It's a little odd as I'm not particularly interested in "real" ghosts or ghost stories much but I just love the image of them in the Halloween way. The simplicity there. In my painting of ghosts, these beings represent our yesterdays, our moments passed, the things and feelings and images we carry with us. Ghosts of ourselves.

I can definitely trace back my adoration of witches to a young age! I think like many others out there The Wizard of Oz struck a strong aesthetic chord with me. I've always loved the villains in stories. Smaug the dragon, well I wish he was my best friend honestly. And again with the witch - that simple almost childlike interpretation with the green skin and hook nose. Brilliant in its simplicity. Even though I was drawn to them I was terrified of one flying in my window so at about age seven I wrote something called "The Witch Manifesto" which was a plea for said witch to unburden her heart and join the sunnier side of things. Ha!

Flowers are going to be the focus of art and fashion forever and ever I think. Nature is the true artist - no pigment can come close to the vibrancy of those colors!! And the temporal nature of cut flowers; at once so beautiful and yet so fleeting and perhaps even brutal, well I love to put eyes and mouths to them so they can convey any mood, any sass, any grumbling wisdom to mankind.

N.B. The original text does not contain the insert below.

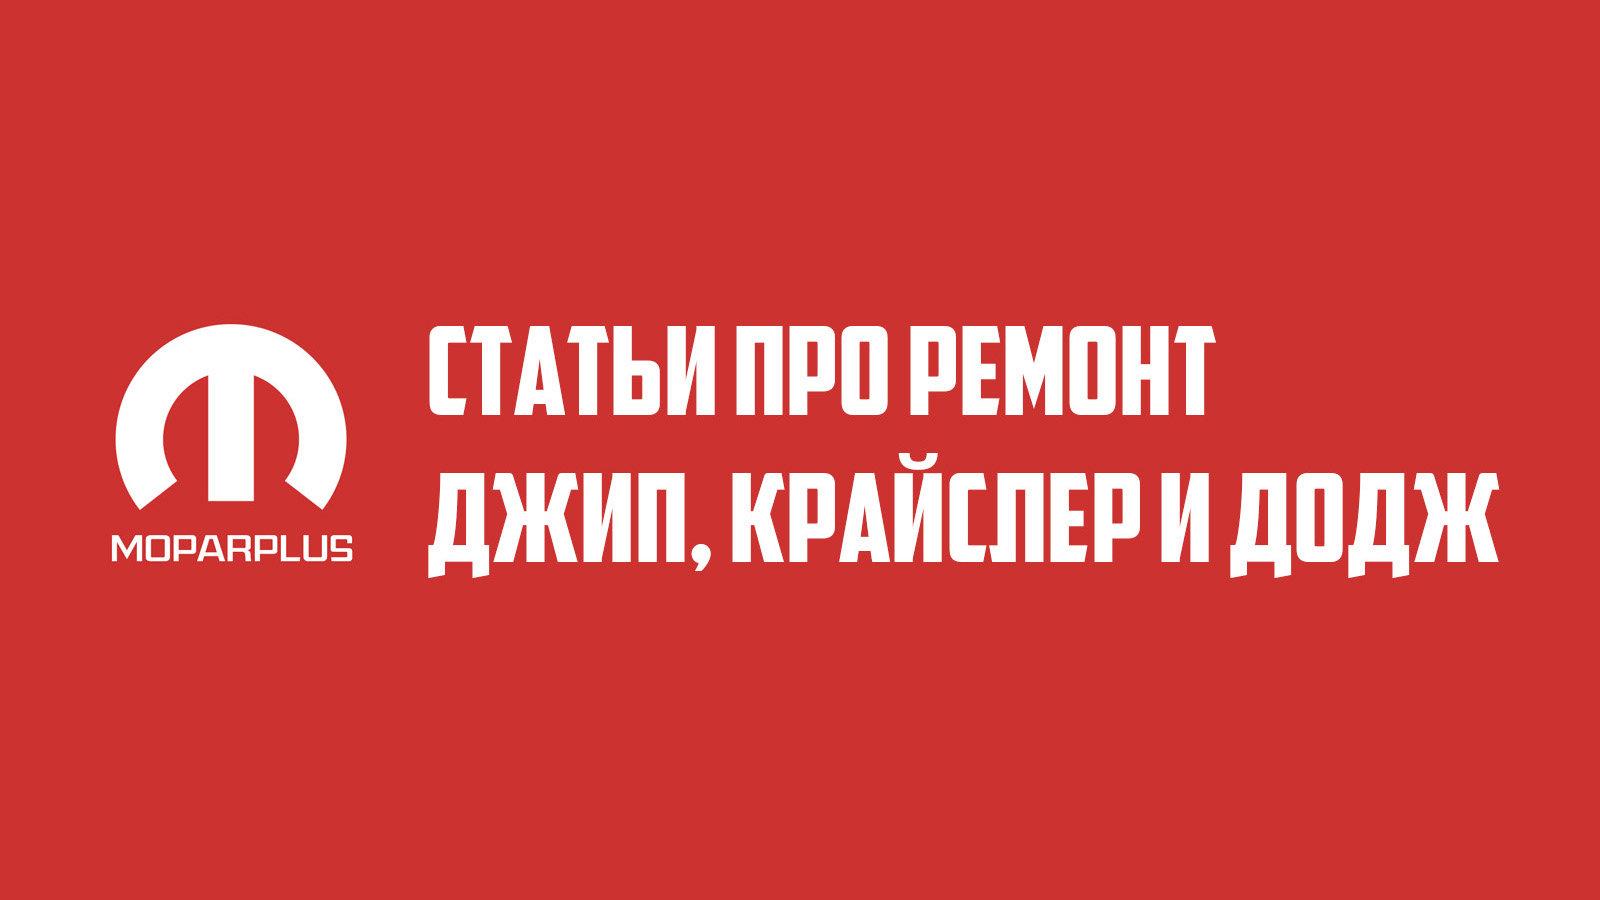 Статьи про ремонт. Выпуск №32.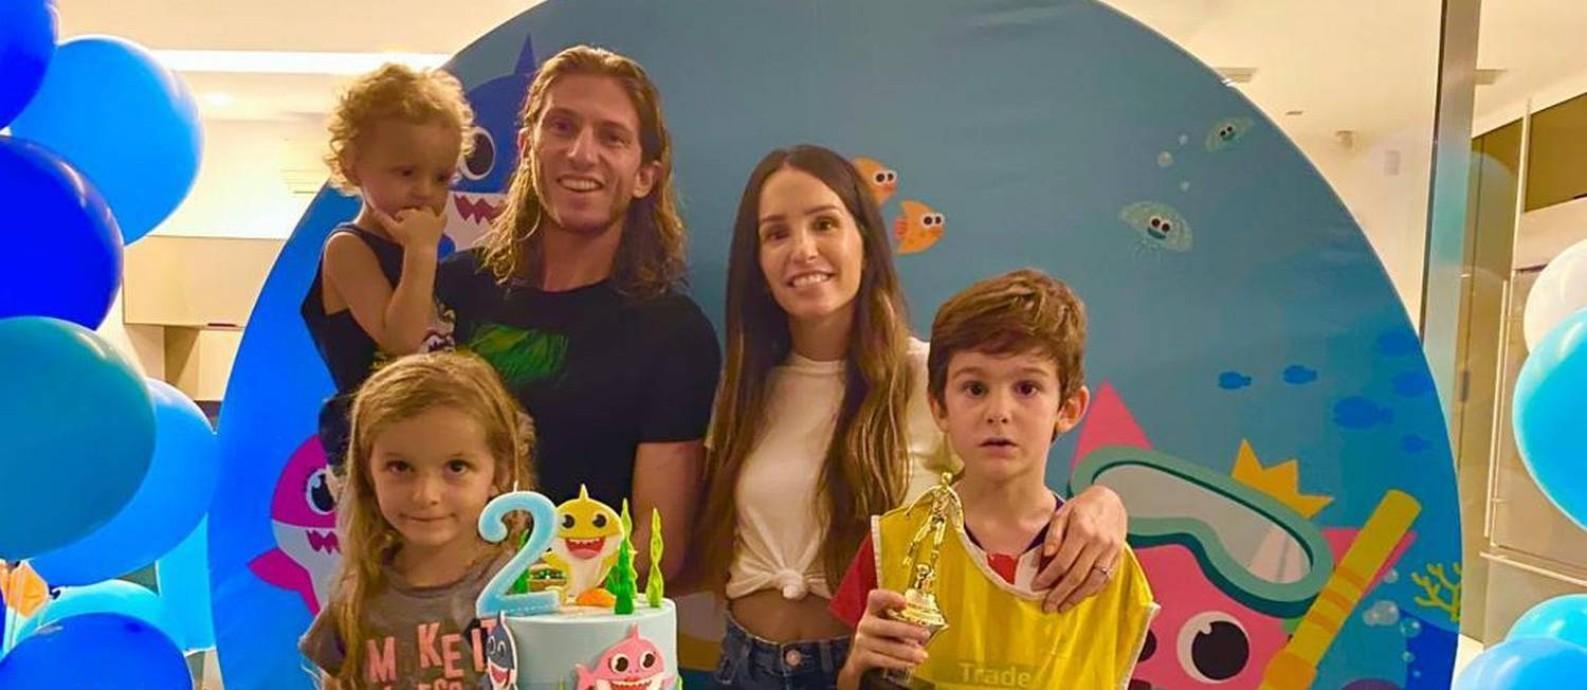 Filipe Luís ao lado de Patrícia e os filhos Lucas (no colo), Sara e Tiago Foto: Arquivo pessoal

Of all of your themes, which seems to be the most popular? Do you know why?
The Ghost Photographs, for sure. I think because there's no real subject to focus on - rather just a veil of a person, a feeling, room for one to jump in.  They feel nostalgic to the viewer. All the snapshots I paint on are in color and can almost feel as if they were from one's own summer vacation - Which could very well be actually! Though I haven't yet had anyone write to me that the photo was one of their family, I did have a photo of a cat on a velvet sofa I bought on eBay turn out to be my friend's cat on my friend's sofa from a decade earlier out west.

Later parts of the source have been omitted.